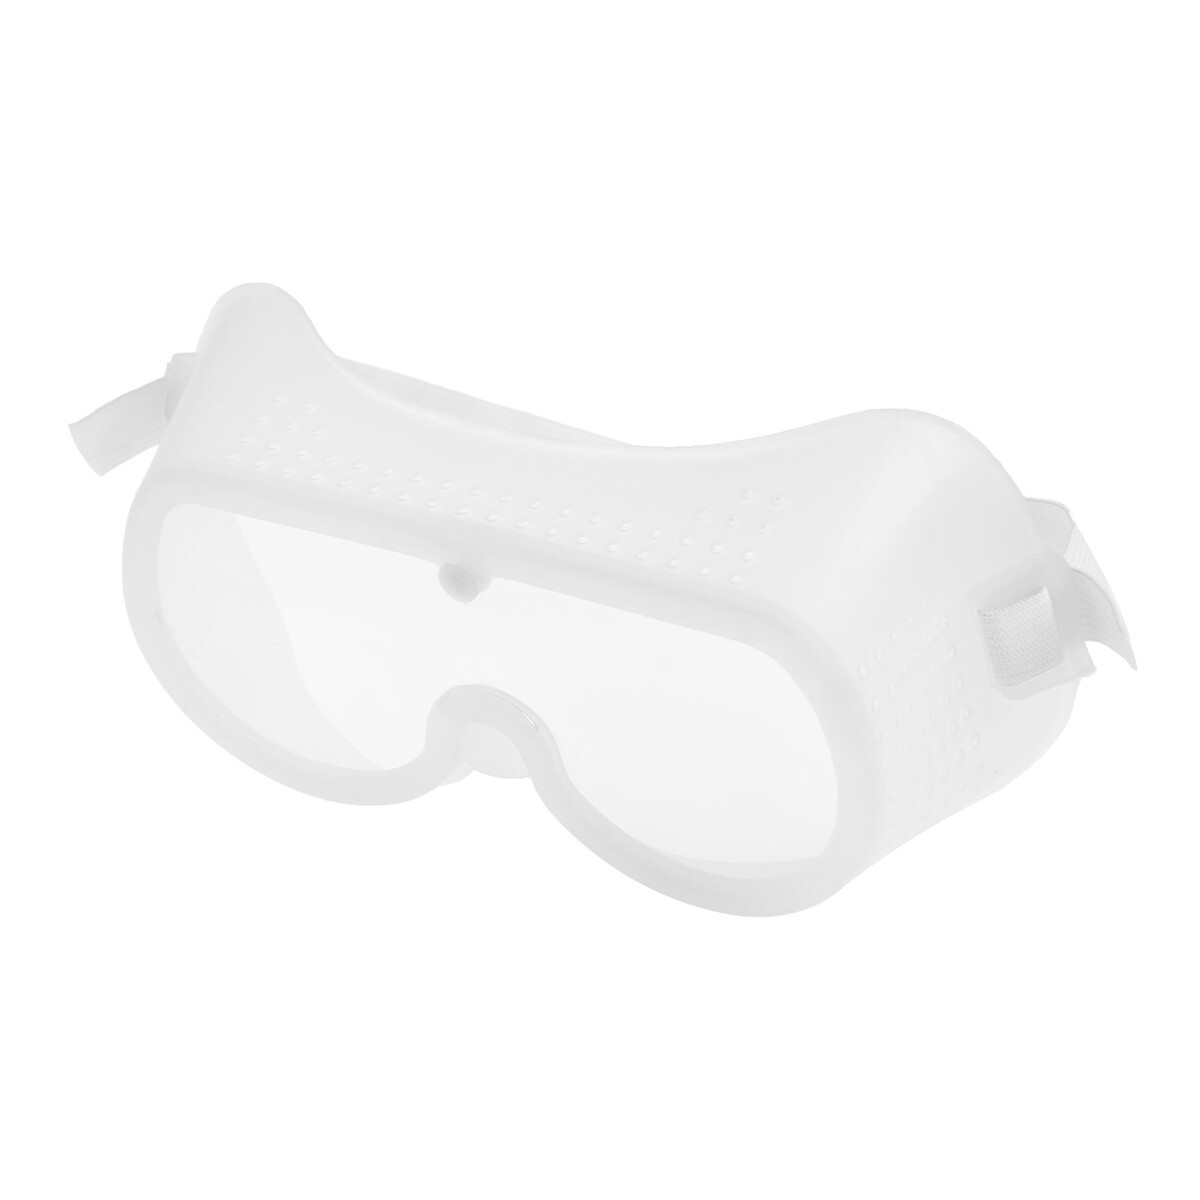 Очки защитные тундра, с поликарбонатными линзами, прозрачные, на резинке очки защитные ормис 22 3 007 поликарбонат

····················

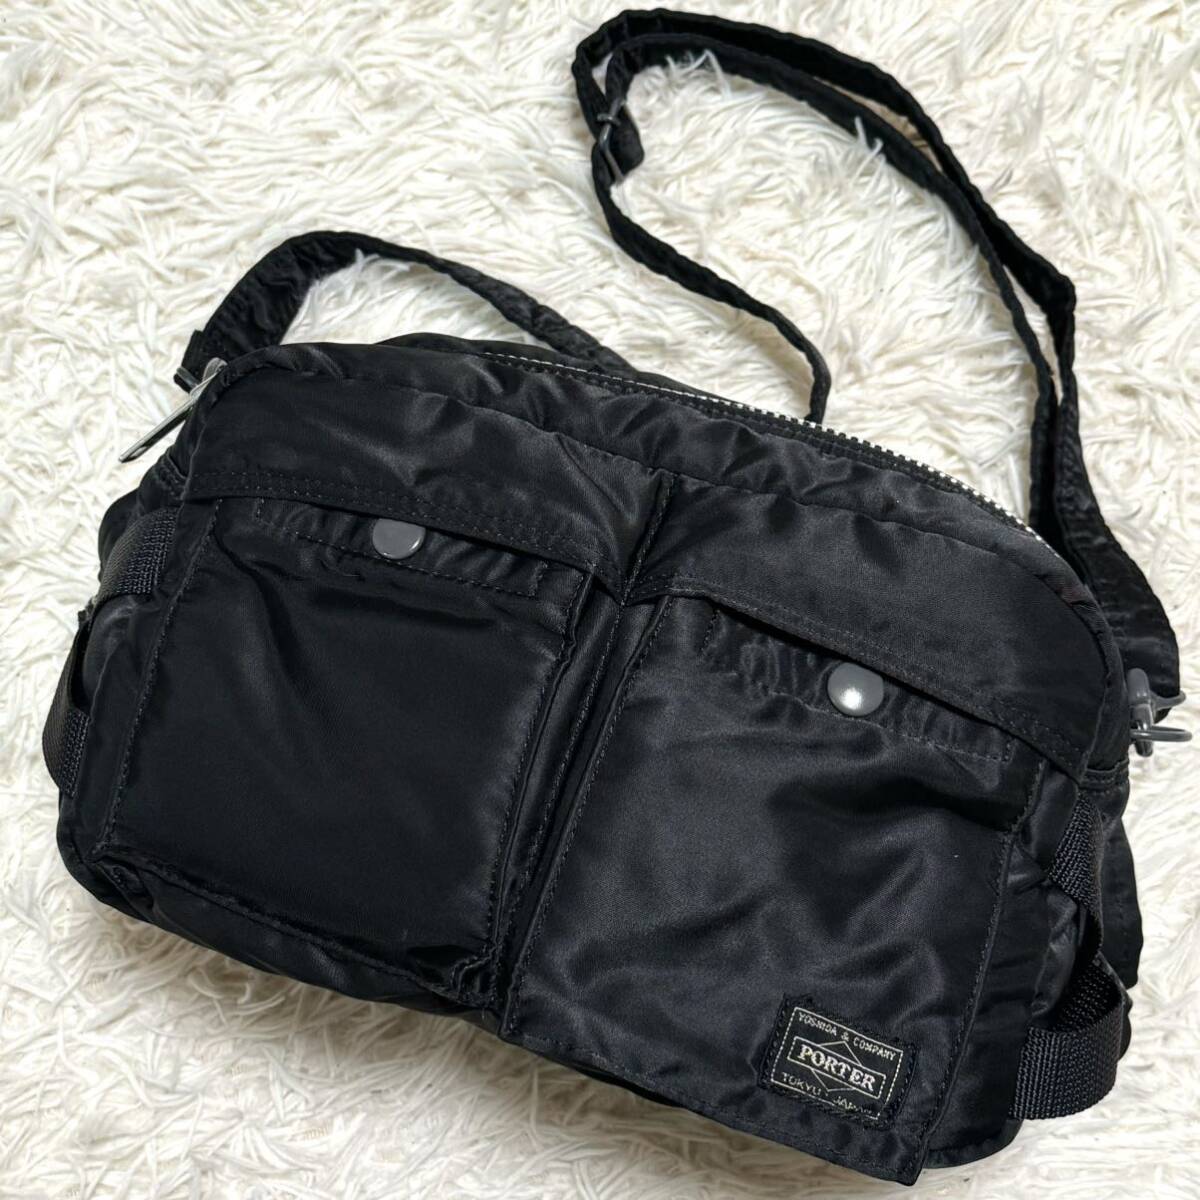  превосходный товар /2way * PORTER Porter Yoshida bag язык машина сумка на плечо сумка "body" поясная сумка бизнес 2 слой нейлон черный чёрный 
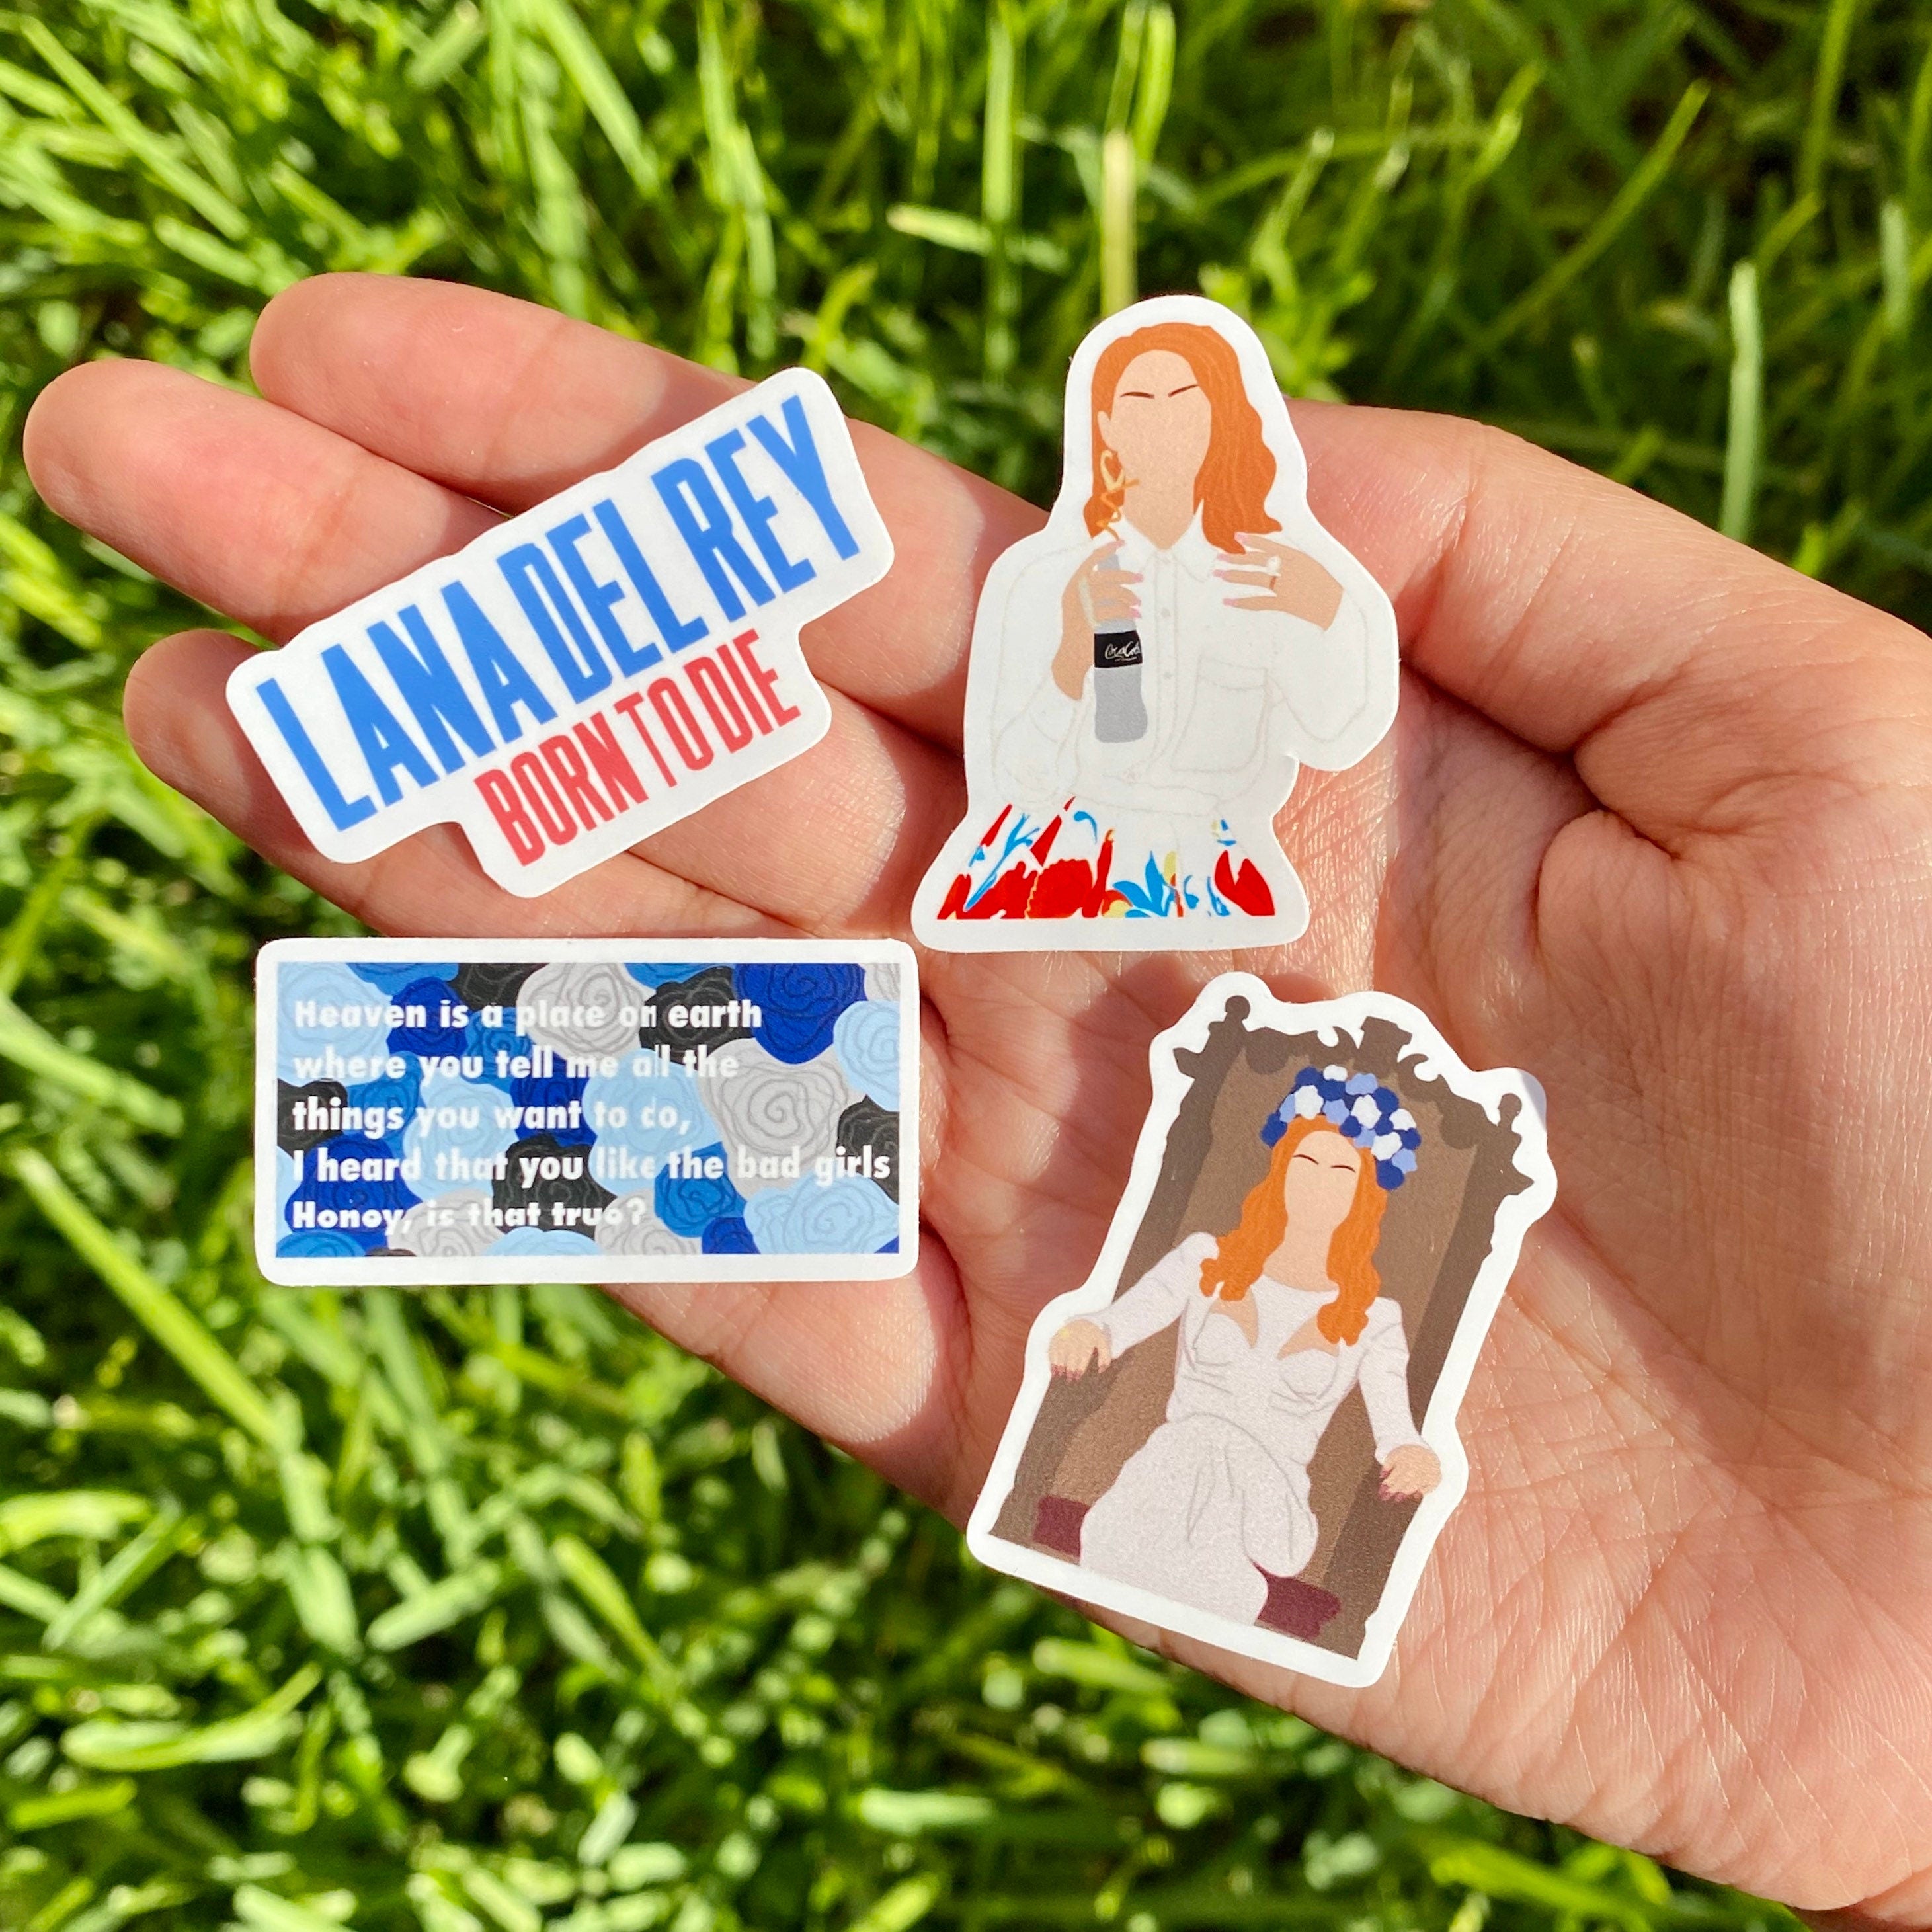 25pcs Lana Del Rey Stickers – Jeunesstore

····················

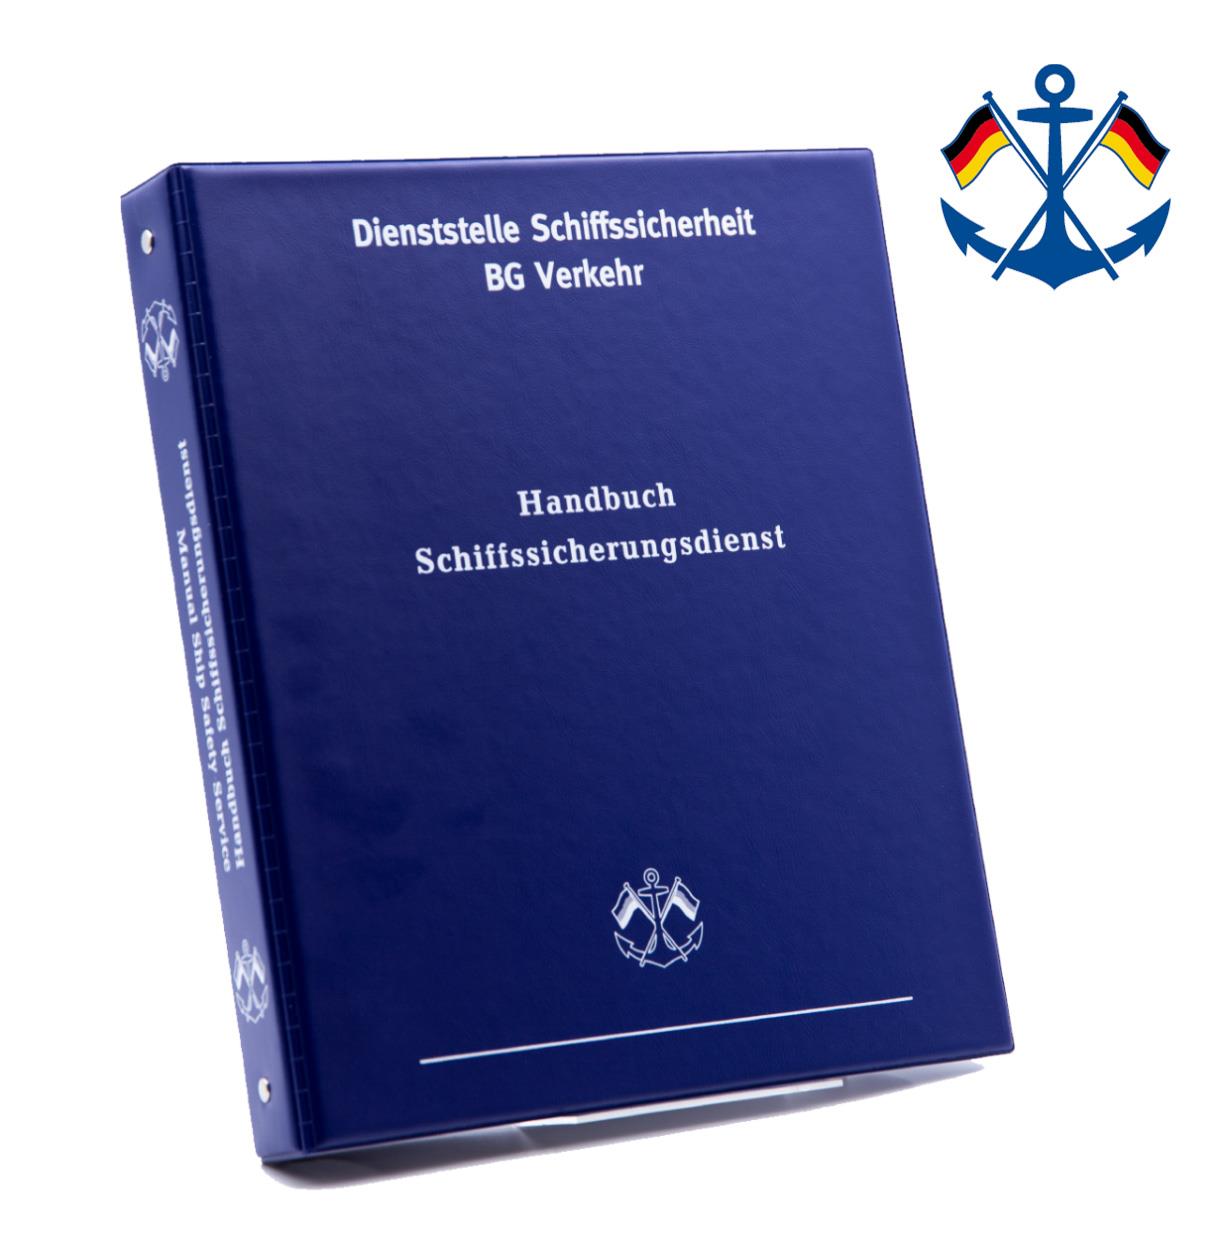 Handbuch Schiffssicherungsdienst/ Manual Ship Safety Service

····················

— ABOUT THIS EXERCISE —
Within the listing above, the stretch from the line with "превосходный товар /2way" down to the line with "25pcs Lana Del Rey Stickers – Jeunesstore" is to be given again exactly, end lines included and pictures excluded.

— WORKED SOLUTION —
  превосходный товар /2way * PORTER Porter Yoshida bag язык машина сумка на плечо сумка "body" поясная сумка бизнес 2 слой нейлон черный чёрный 
 25pcs Lana Del Rey Stickers – Jeunesstore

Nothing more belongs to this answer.